# football night



## Kevin (Dec 9, 2011)

"So, you're still going with me, right?" He looked up from the couch. His big sister had asked him something.

"Going where?" 

"To the football game with me. You said you'd go with me."

"Oh, ya, um...sure." He didn't remember, but it didn't matter. He was bored with t.v. He'd seen this movie before. Why not? he thought.

"You SAID you'd go." she repeated. "Well? We need to leave." At sixteen, she was five years older than him, and, at five foot six, several inches taller. She outweighed him by twenty lbs, but recently, during their last wrestling match, she had burst out with, "Oh my god, I can't beat you up anymore!" She didn't know that he'd been about to give up. He was proud that she had quit first. After that, she seemed to have a new respect for him. Now she had to ask him for things, not demand them. 

" I don't understand, I thought that the games don't start till six ?"

" They do, but we have to take the bus to get there, and we need to leave now." She was starting to get that screetch to her voice.

"Okay, okay. I said I'd go."

.......................................................................

They got off the bus and walked toward the school. The sun had gone down. They waited in line to pass through the gates. To him, except for some minor differences, it looked just like his sister's high school, except for one thing; the students. He noticed that there was a lack of blonde heads. He also noticed that people seemed to be staring at them. Everyone had dark hair. Either dark brown or black, and they just 'looked' different. 

"Where are we, anyway?" he asked

" Van Nuys High. Why?" She, with her ghostly white, pale skin, and he, with his long blonde hair, definetly stood out. As they passed on their way to the stands, the people would look at them, a second longer than usual, and then continue on...

" So are we here for that guy, what's his name?"

""What guy?" she asked, trying to sound like she didn't know...

"Oh, come on. The guy in the marching band. The one you like." Now he knew for sure why they'd come. If he'd been able to see it in the evening gloom, he might've noticed a sudden redness to her face.

" You know, the one you go to all the games to see. Does he even know? I mean, does he even know you like him?"
He remembered the guy's name now, "Roger." No more than two weeks earlier, they'd gone to another game, and she had pointed him out. He just looked like some guy in the marching band to him, nothing special. That was at her school, the local school, but now they were miles away in some part of town he didn't know...

"Ssh! He's right over there." 

They spent the next hours up in the stands, surrounded by students and family from the hometeam. No one said anything to them. His sister didn't cheer when her school made a touchdown. She ignored the game altogether. The only thing that seemed to excite her at all was when, at halftime, the marching band came out and played. She even let slip a "there he is." He was bored and it was starting to get cold.

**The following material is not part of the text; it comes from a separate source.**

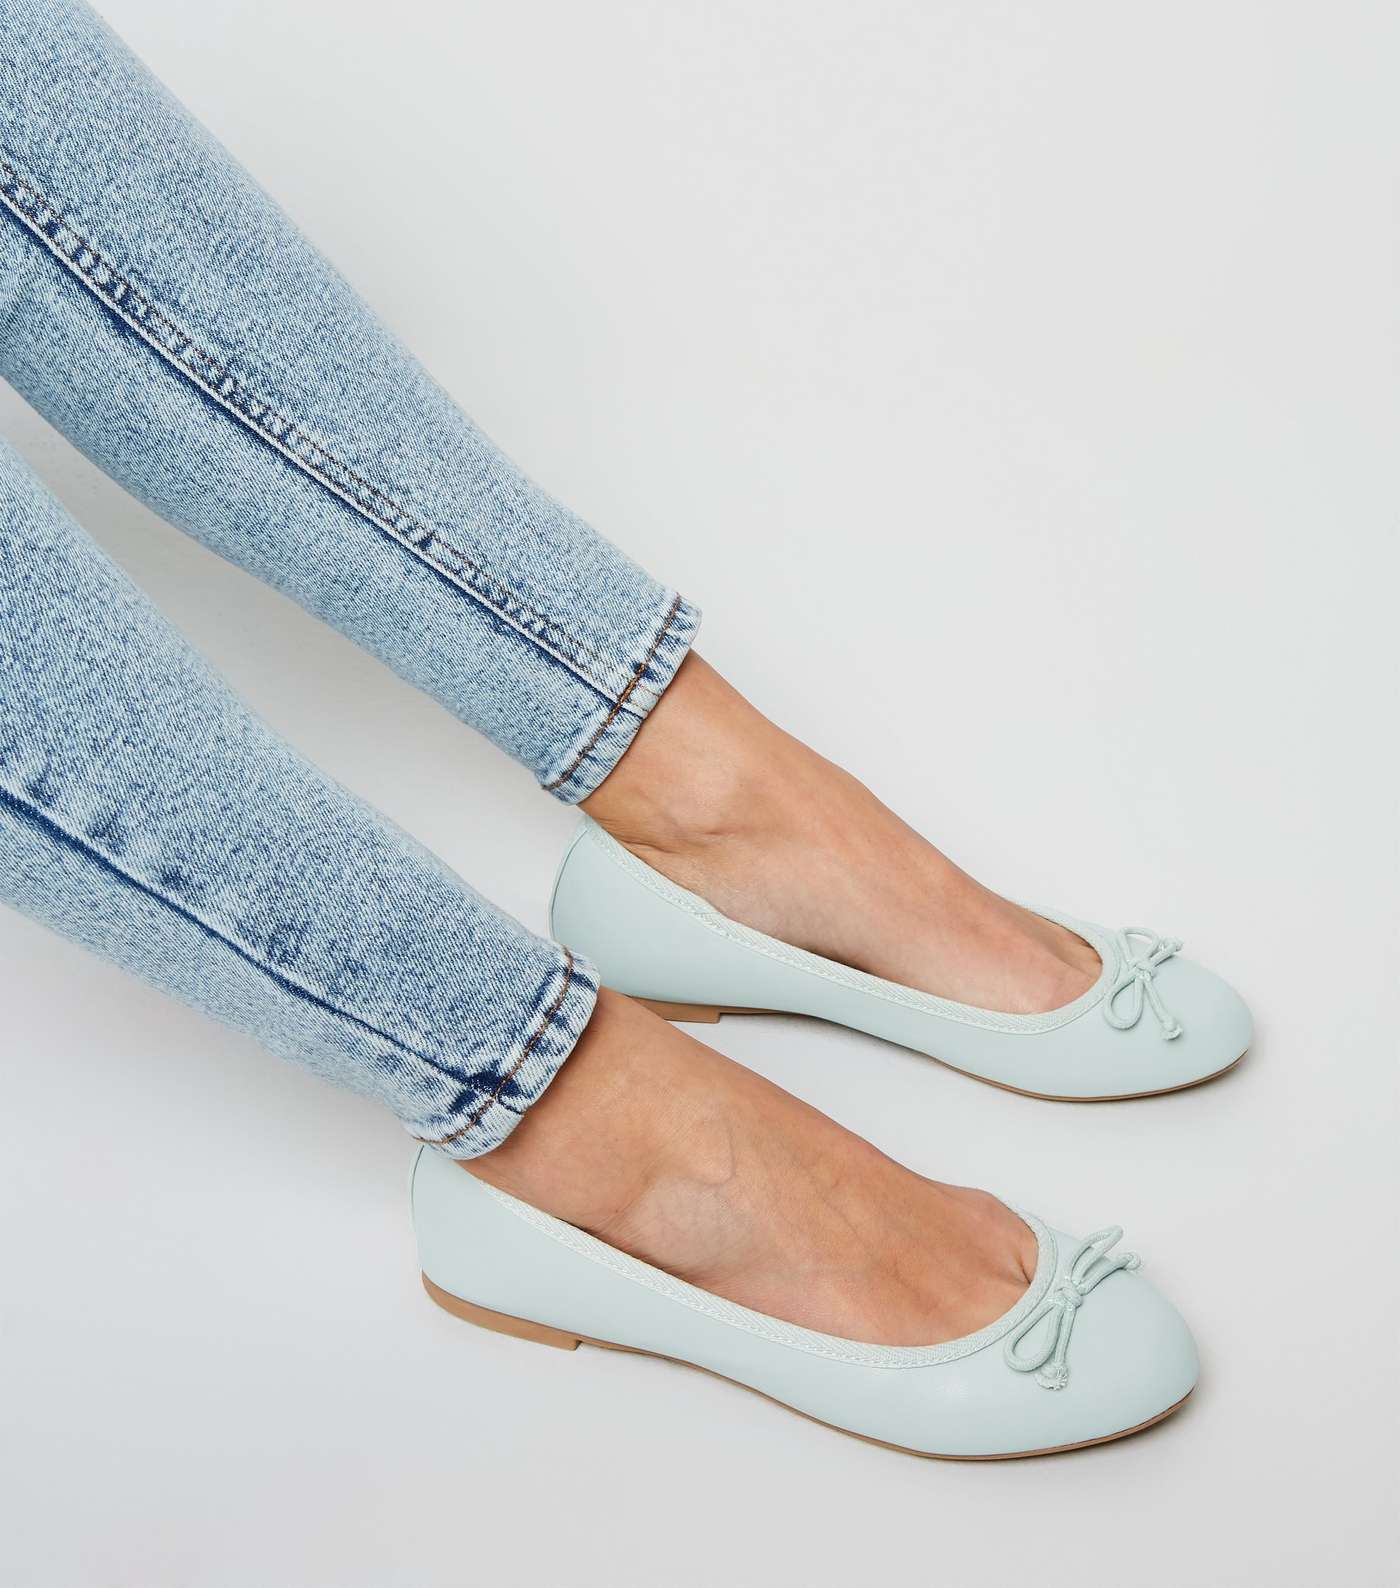 Mint Green Leather-look Ballet Pumps Image 2

Finally, the game was over. They left the school grounds and crossed the street. By this time the busses had all quit running. They stood and waited on the sidewalk. Soon, everyone else were gone. Across the street, the gates to the school were chained shut. The streets were well lit, but deserted. Every so often, a car would pass by. They were by themselves, on the sidewalk, waiting.

"So, who's supposed to pick us up?" he asked again.

"Mom is.'" she answered

"So then, where is she? It's getting late and I'm starting to get cold."

"I know, me too."

"Well, why don't you go call. I'll wait here in case she shows up while your gone."

She left and found a payphone up the street. A few minutes later she came back. They waited. Someone shut off the lights to the football field. Occasionally, a car would pass. He would stare into the cars and the people would stare back. A lowered chevy impala drove past slowly with four young men in white t-shirts and flannel jackets. The young men all stared back at them. They were hard looks at first, and then recognizing something, they lost interest and drove on. A police car came by. The officers looked them up and down but did not stop. He felt out of place. They were out of place. An hour went by. His sister left again to call from the payphone. Now he was definetly cold. He was shivering. He began thinking that if another police car came by, they should ask for a ride. For a second, he felt like he might start to cry, but he stopped himself. It wouldn't help anyway. By the time his sister came back, his teeth were chattering. 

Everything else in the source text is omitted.